Кирик равнодушно передернул плечами и засмеялся. Аня знала, что у него это обозначало смех: он втянул голову в плечи, чуть откинулся назад всем корпусом, заложив руки в карманы, и выдал через нос:
– Кхе-е-е-е…
Они зашли в подъезд новостройки. Поднялись сразу на четвертый этаж. Кирик прислонился к стене и, бросив на Аню глубоко равнодушный пустой взгляд, выдохнул:
– Ну че… бабеус давай.
– Товар покажи, – хмуро сказала она.
Кирик пожал плечами, а потом полез куда-то в штаны, долго там рылся, вероятно, высвобождая хитро заныканную наркоту, и показал Ане маленький полупрозрачный пакетик, через который тускло просвечивал порошок:
– Ну.
Аня кивнула, а потом ее рука скользнула под куртку и вынырнула уже с пистолетом.

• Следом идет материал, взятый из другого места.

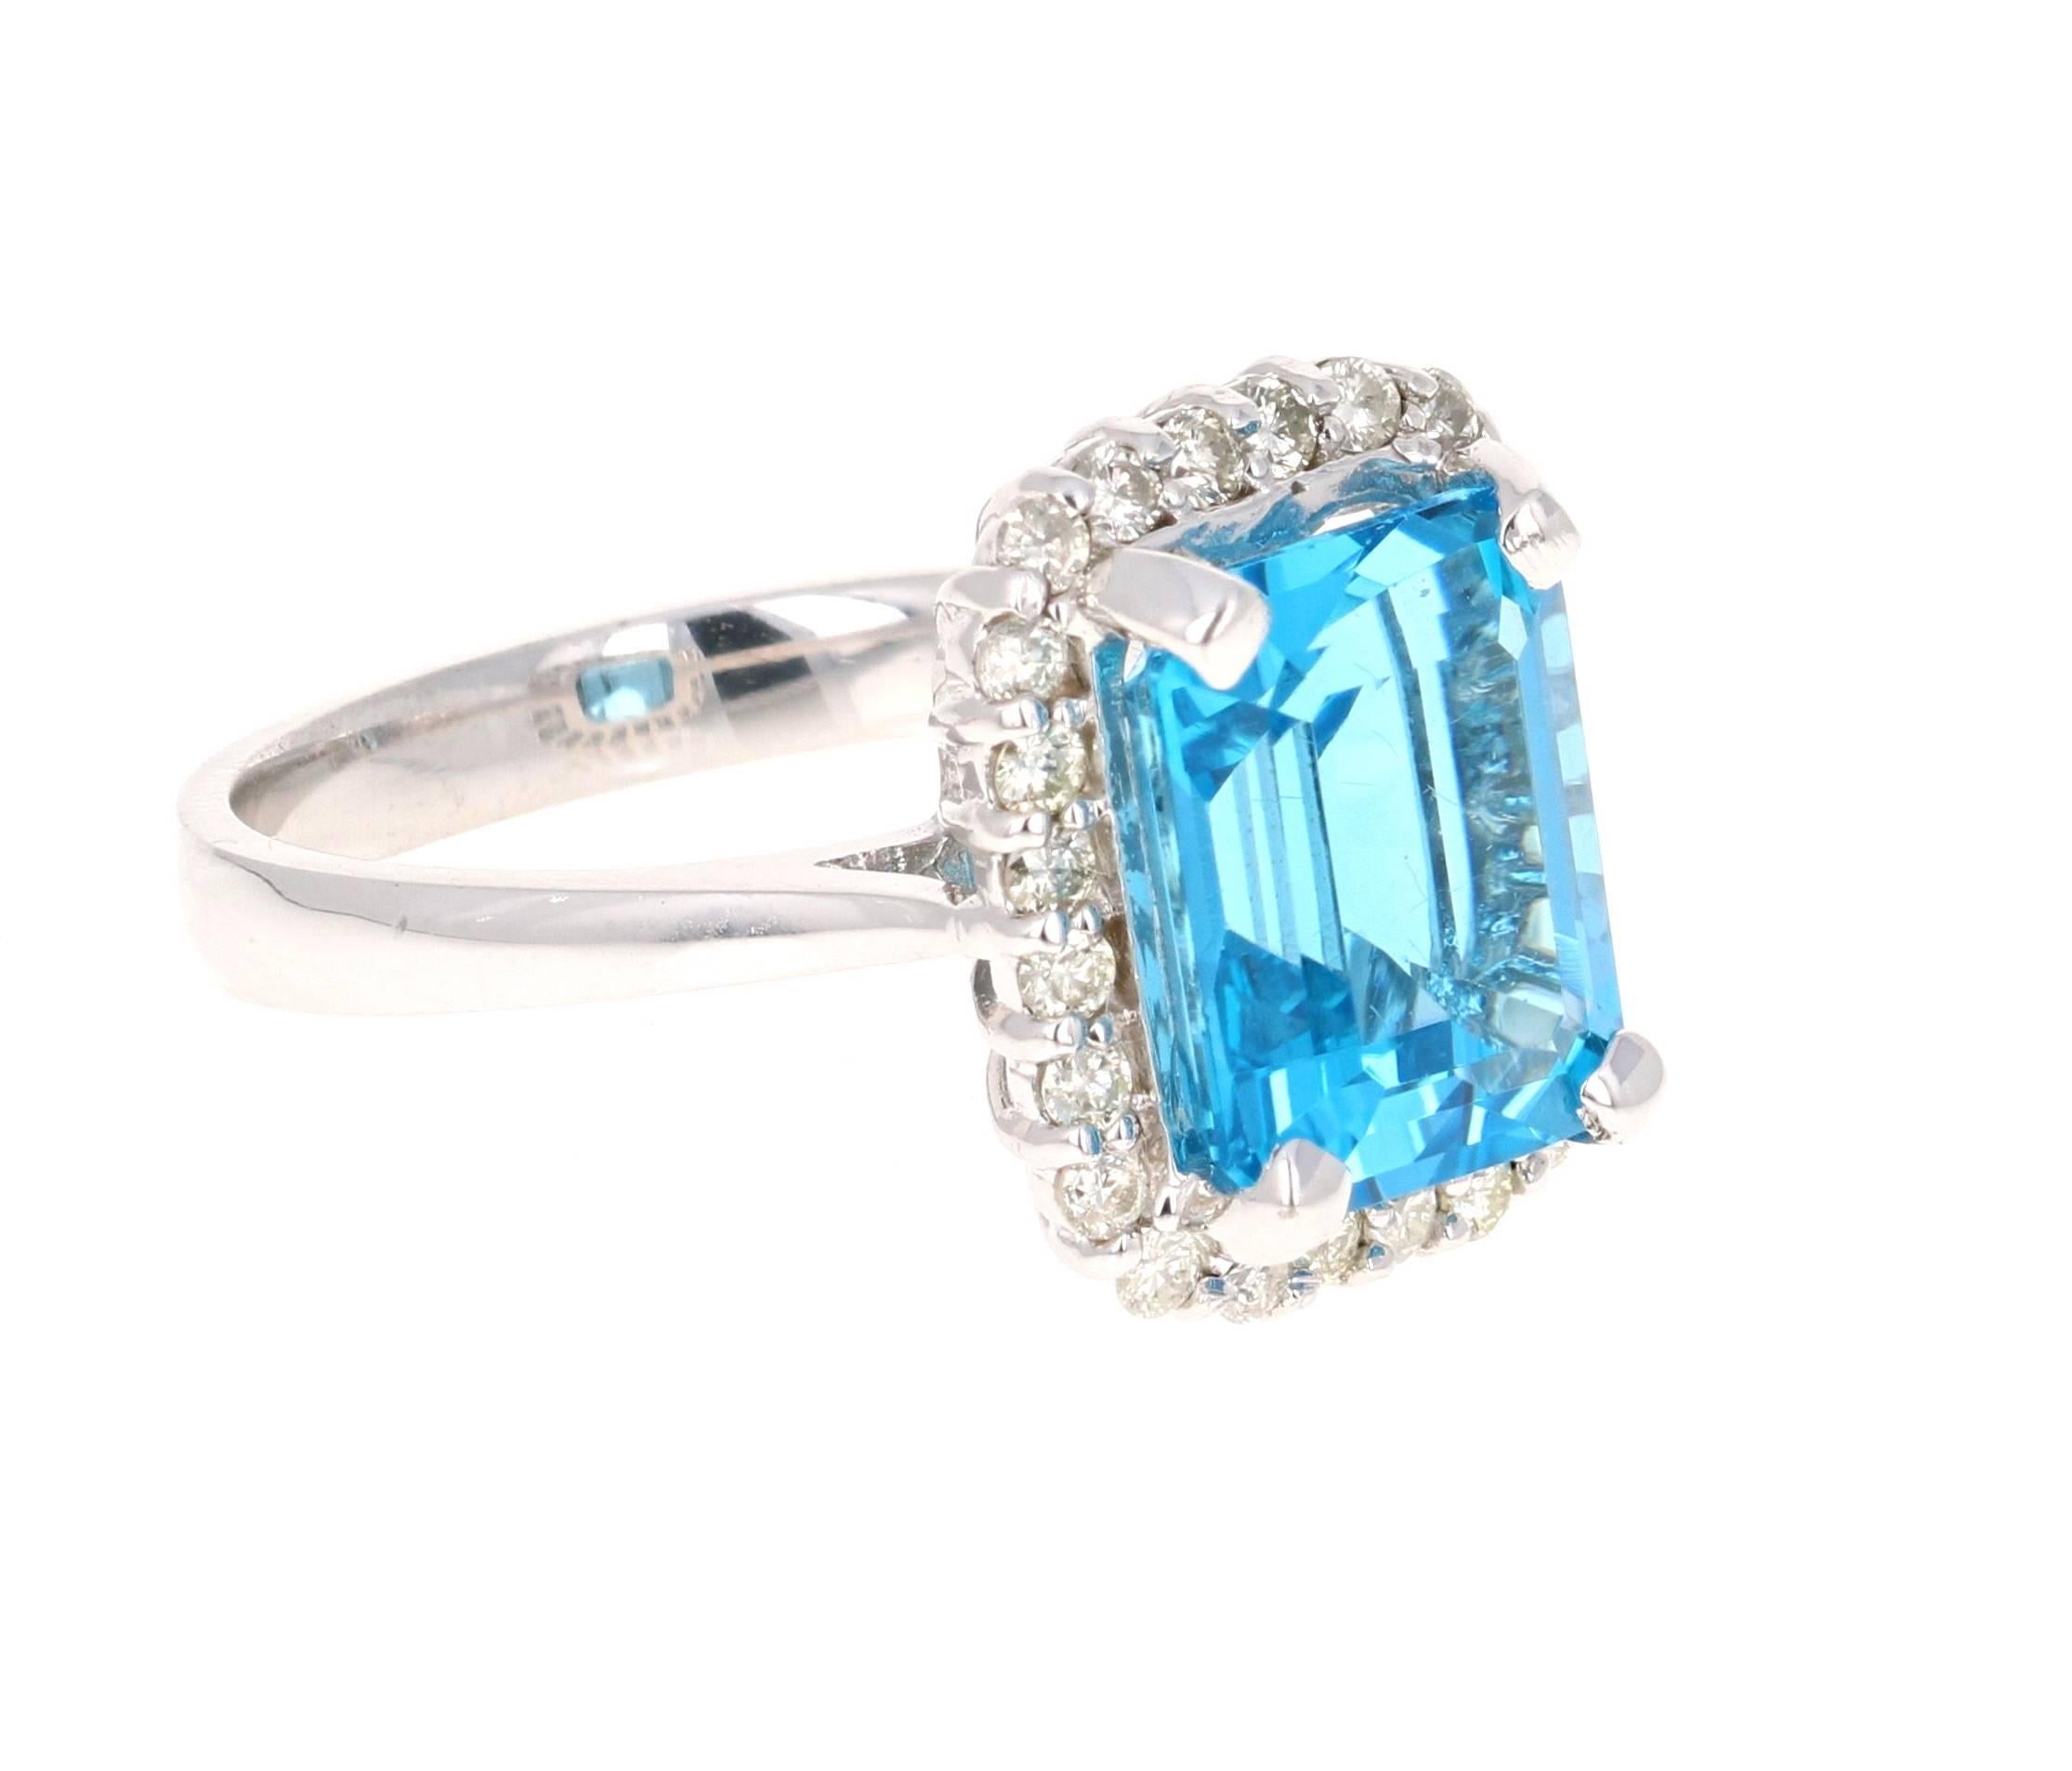 This beautiful Emerald Cut Blue Topaz and Diamond ring has a stunning 5.78 Carat Blue Topaz and its surrounded by 24 Round Cut Diamonds that weigh 0.44 Carats. The total carat weight of the ring is 6.22 Carats. The setting is crafted in 14K White

Кирик, который вряд ли ожидал такого от девицы в потертом затрапезе, еще больше вжал голову в плечи и, упершись затылком в стену, вдруг снова выдал акт смеховой реакции:
– Кхе-е-е-е… Да ты че, мокрощелка, совсем скурвилась? Да ты за кого меня торкаешь? Ты ж на пять метров от подъезда выщемиться не успеешь, тебя уже в работу возьмут, склеют только так. А там одним разорванным мохнатым сейфом не отпишешься. Ты че, думаешь, я один буду ходить с таким товаром?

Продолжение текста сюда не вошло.